■ **Assignment**
Word for word, reproduce the listing that follows, excluding any pictures it contains.

■ **Data provided**
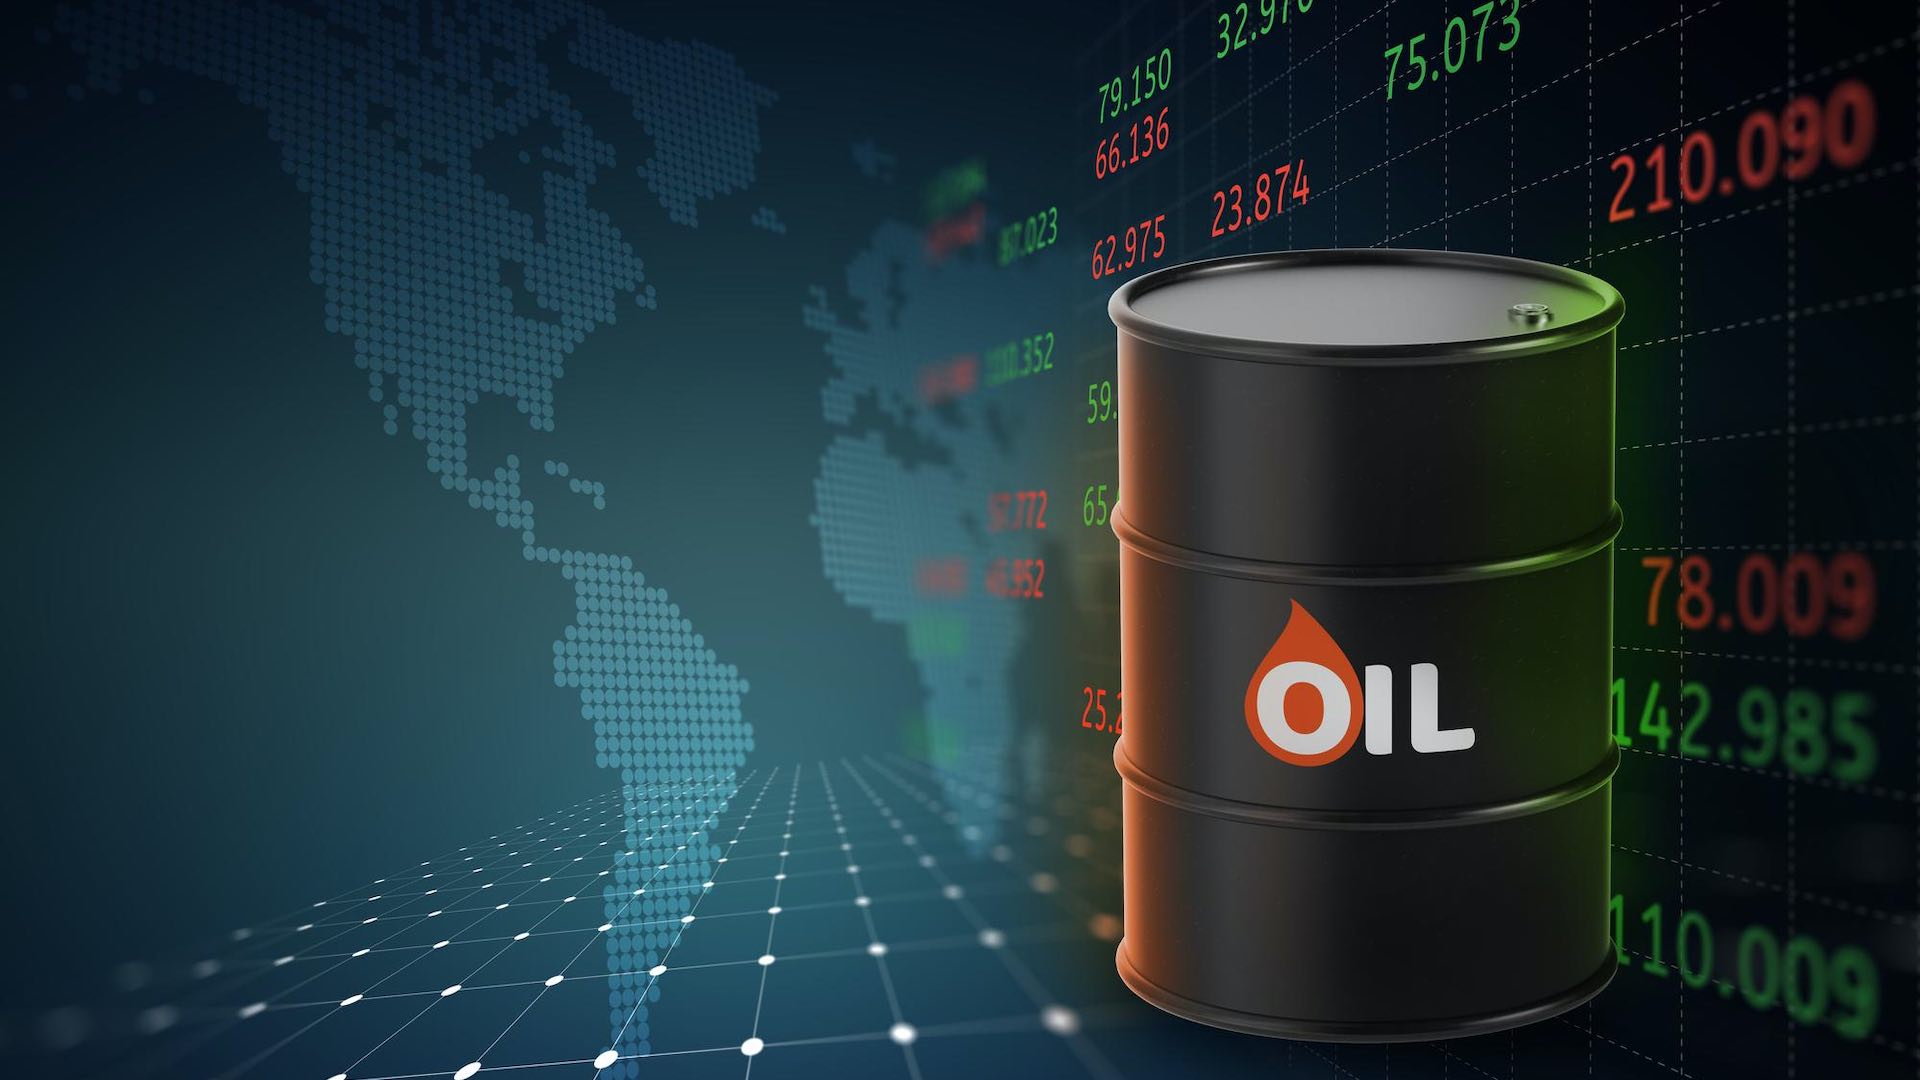 النفط يرتفع مع تقرير أوبك الذي سلط الضوء على الطلب المستقر
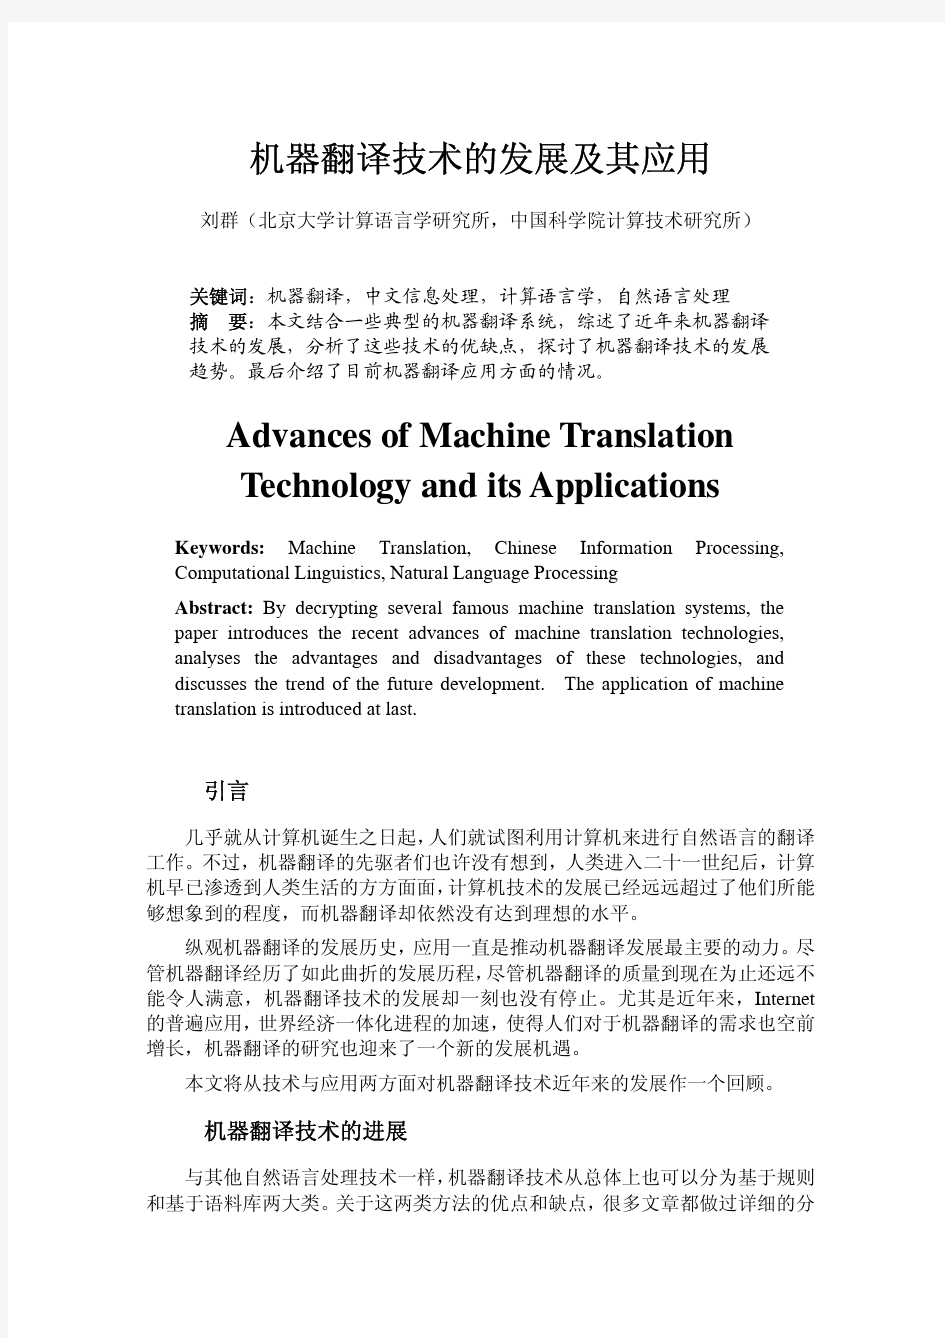 0409_7_刘群-机器翻译技术的发展及其应用[1]
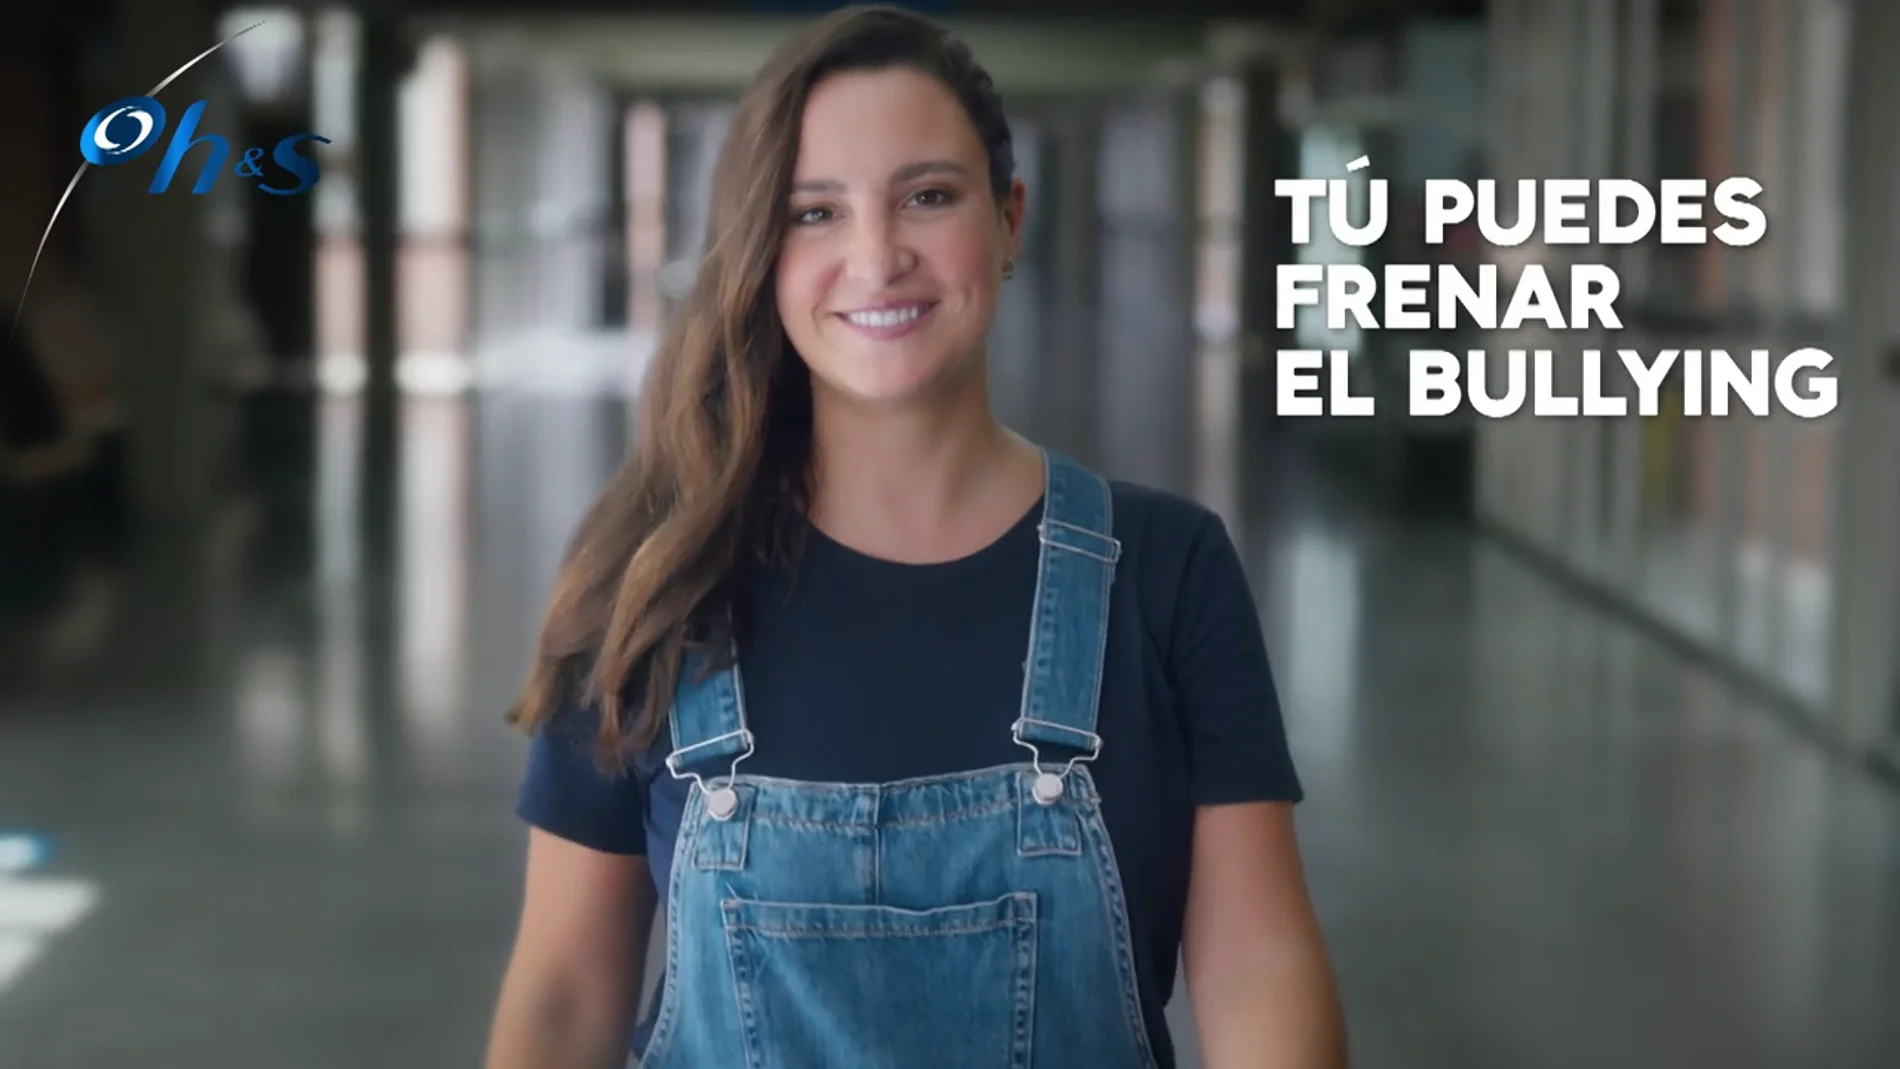 Marta Pombo: "Reír la gracia te hace partícipe del bullying"

■ **Reply**
 النفط يرتفع مع تقرير أوبك الذي سلط الضوء على الطلب المستقر
 0409_7_刘群-机器翻译技术的发展及其应用[1]
 Marta Pombo: "Reír la gracia te hace partícipe del bullying"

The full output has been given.